Damaris De Luna Sanchez, right, and a schoolmate study Chinese at Pedro Garcia Rojas elementary in Aguascalientes, Mexico. Students take five hours a week of Mandarin, four hours a week of English. (Aguascalientes / June 6, 2010)
Learning Chinese in Mexico: Children prepare for the future
As China swiftly expands its reach across Latin America, a pilot program in Aguascalientes aims to introduce students to the Mandarin language and make them more competitive in the job market.
Reporting from Aguascalientes, Mexico — Wo jiao Alberto.
Wo jiao Maribel. Ni ji sui?
Alberto and Maribel, sixth-graders at the Pedro Garcia Rojas elementary school here in central Mexico, introduce themselves to each other in Mandarin Chinese.
Their class also recites numbers, clothing items and weather conditions in a language that, to them, is about as foreign as it gets.
Some, like Damaris De Luna Sanchez, 11, move their hands the way a conductor directs an orchestra, slicing through the air to help them reach the proper intonations, the staccato flats and singsong vowelish sounds.

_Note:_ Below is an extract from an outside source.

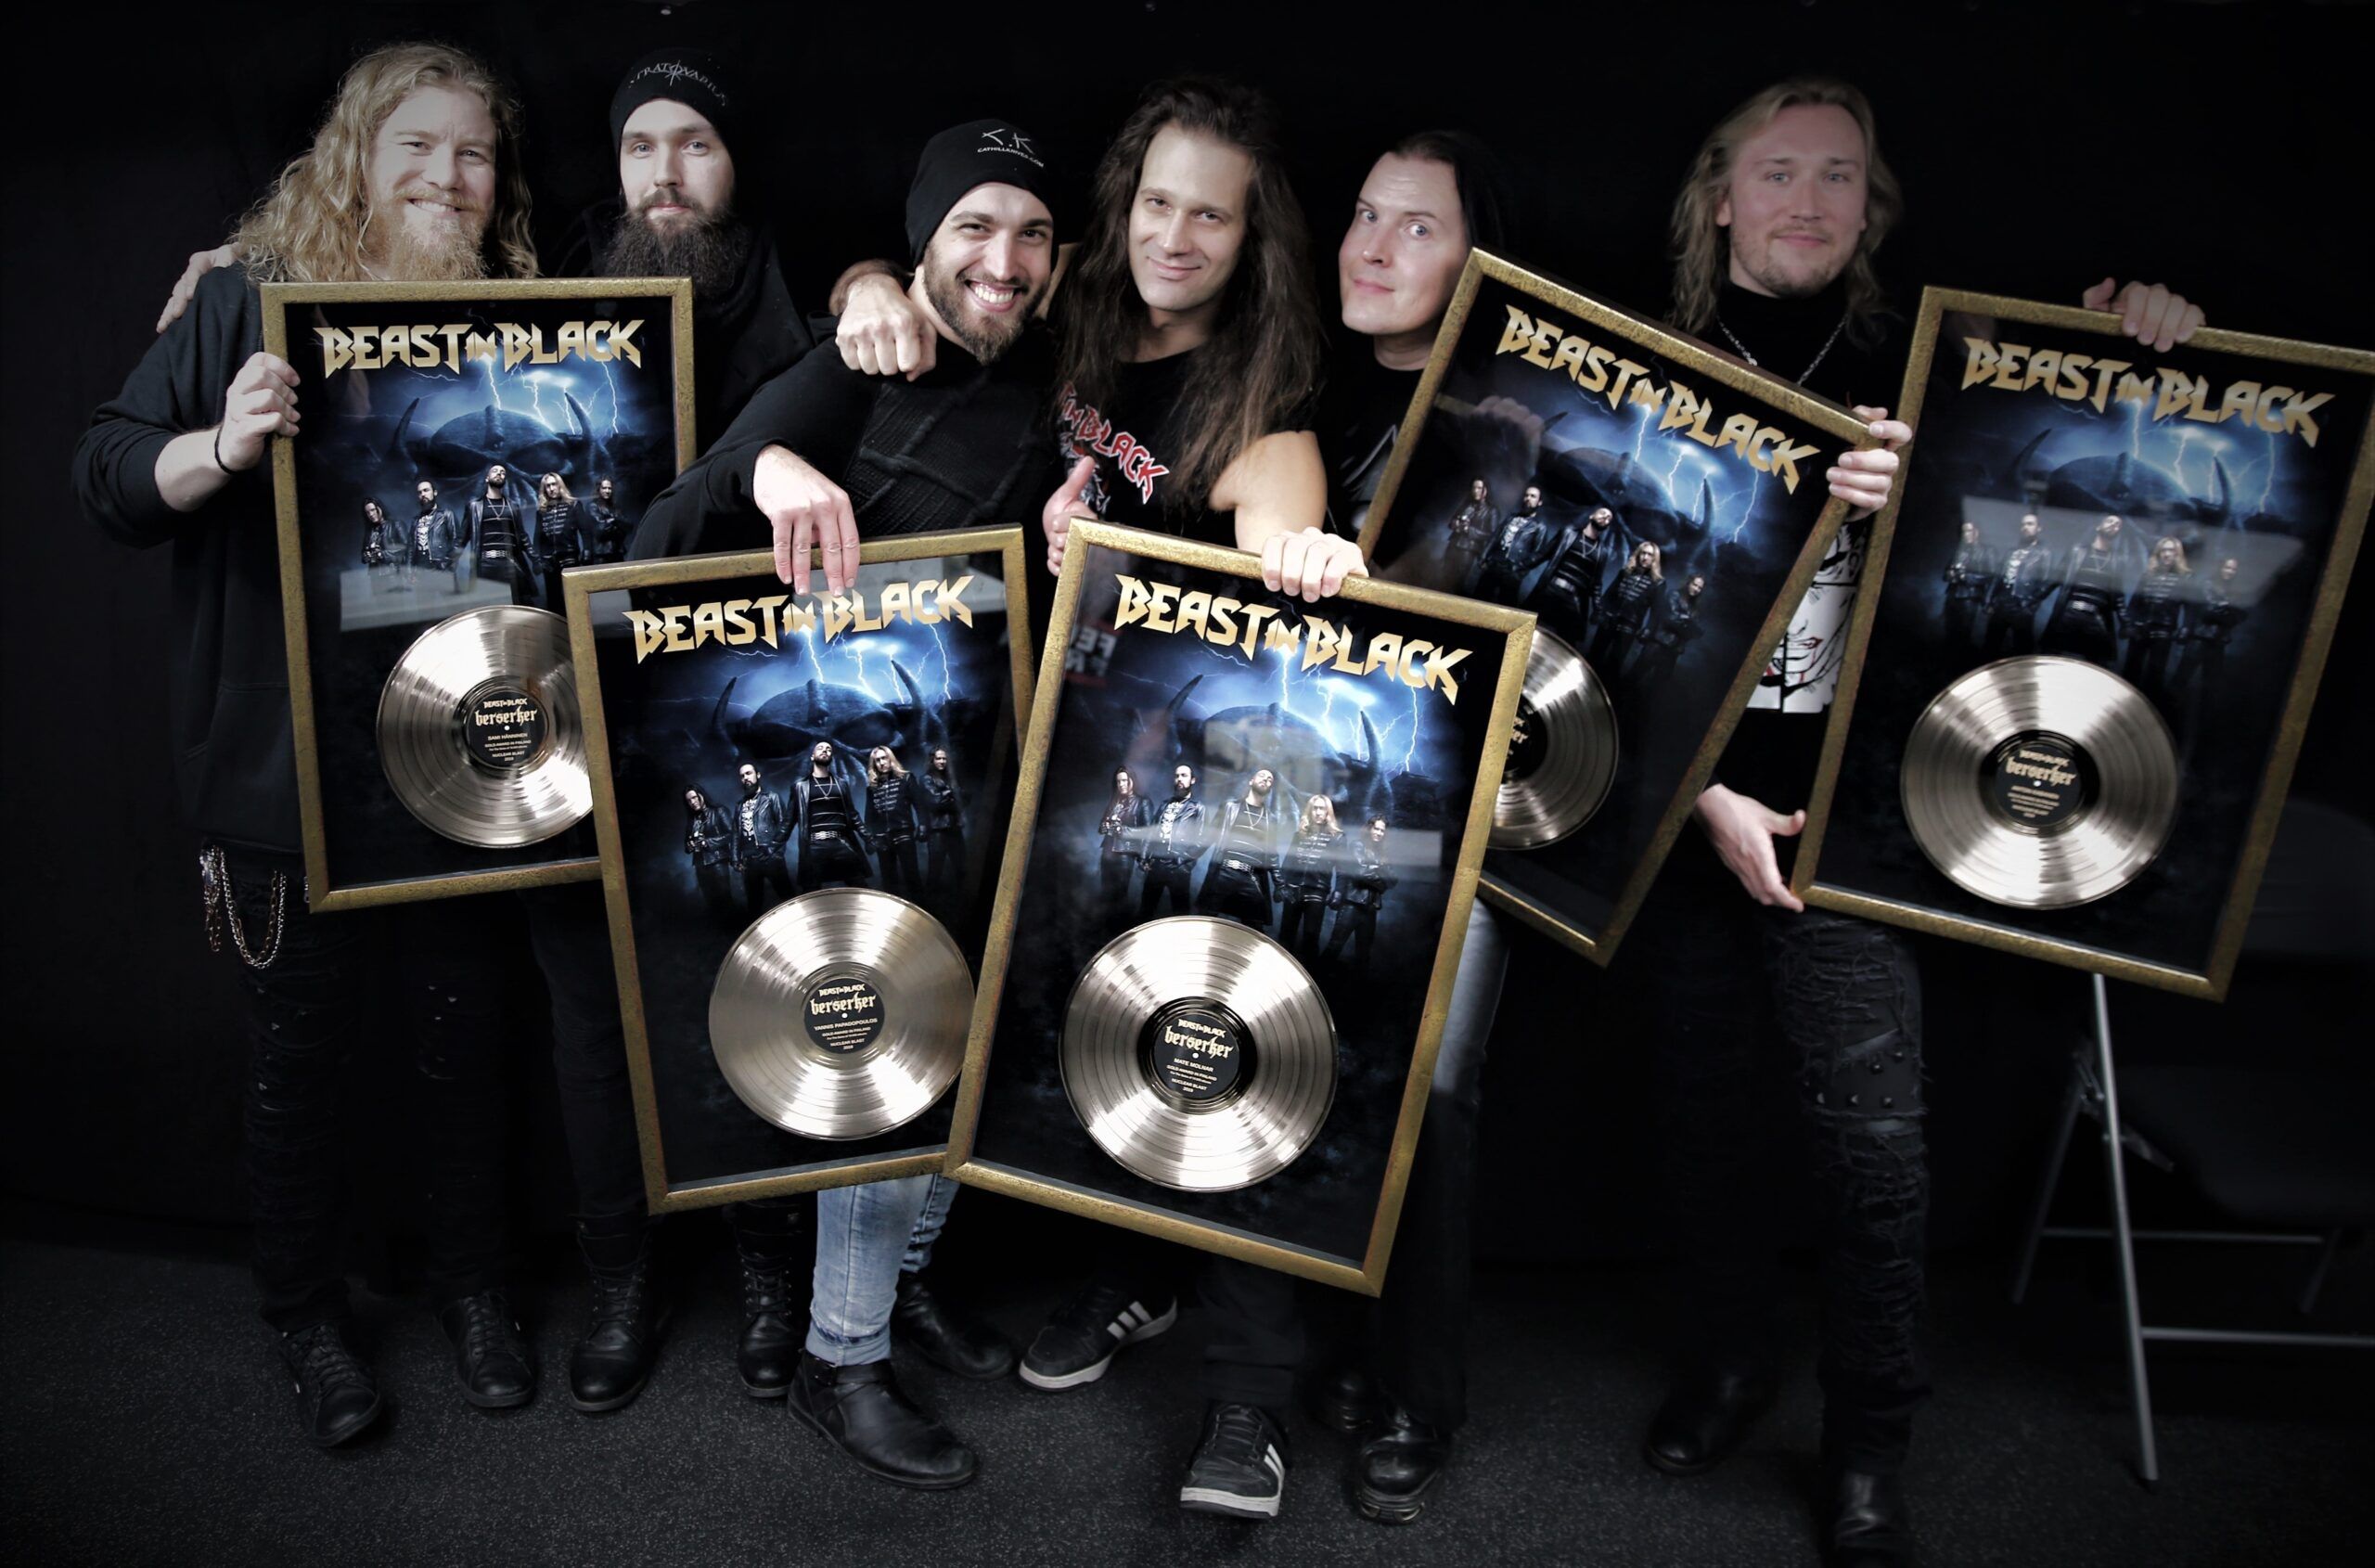 "Berserker" in Finnland mit goldener Schallplatte ausgezeichnet

Their enthusiastic teacher, Gerardo Saucedo, is not Chinese nor has he ever traveled to China, but he has long been fascinated by its language and use of stylized characters as an alphabet.
"Zai dong tian ni chuan shen me?" he asks his uniformed students, dancing down the aisle among girls in plaid skirts and knee socks, and boys in blue sweaters. "What do you wear in winter?"
The sight of youngsters speaking Chinese in the Mexican heartland is unusual, to say the least. Parents told that pupils as young as 9 would be taught Mandarin had been skeptical. Wouldn't French or Italian (Romance languages closer to Spanish) make more sense? some wondered.
Savvy Mexican politicians have other ideas. State authorities launched the pilot language program in Aguascalientes, a working-class city, in hopes of jumping on the Chinese bandwagon. As China swiftly expands its reach across Latin America, Mexico is experiencing a flurry of new Chinese investments in traditional targets like nickel mines and in newer areas like car-part factories and electronics.
For many years, Mexico had lagged behind other big Latin economies, like Brazil and Chile, which saw China displace the United States as their principal trading partner. China spent an estimated $100 billion in Latin America in 2008, but Mexico had only a small piece of it.
Attitudes of xenophobia dating to the early 20th century, when Chinese workers came to the country to build the railroads, continue to inform Mexico's restrictive immigration policies for Asians, said Sergio Martinez of the Mexican-Chinese Studies Institute at the National Autonomous University of Mexico. On top of that, Mexico's notorious bureaucracy and the reluctance of many Mexican companies to compete with cheap Chinese products have slowed the expansion of trade relations.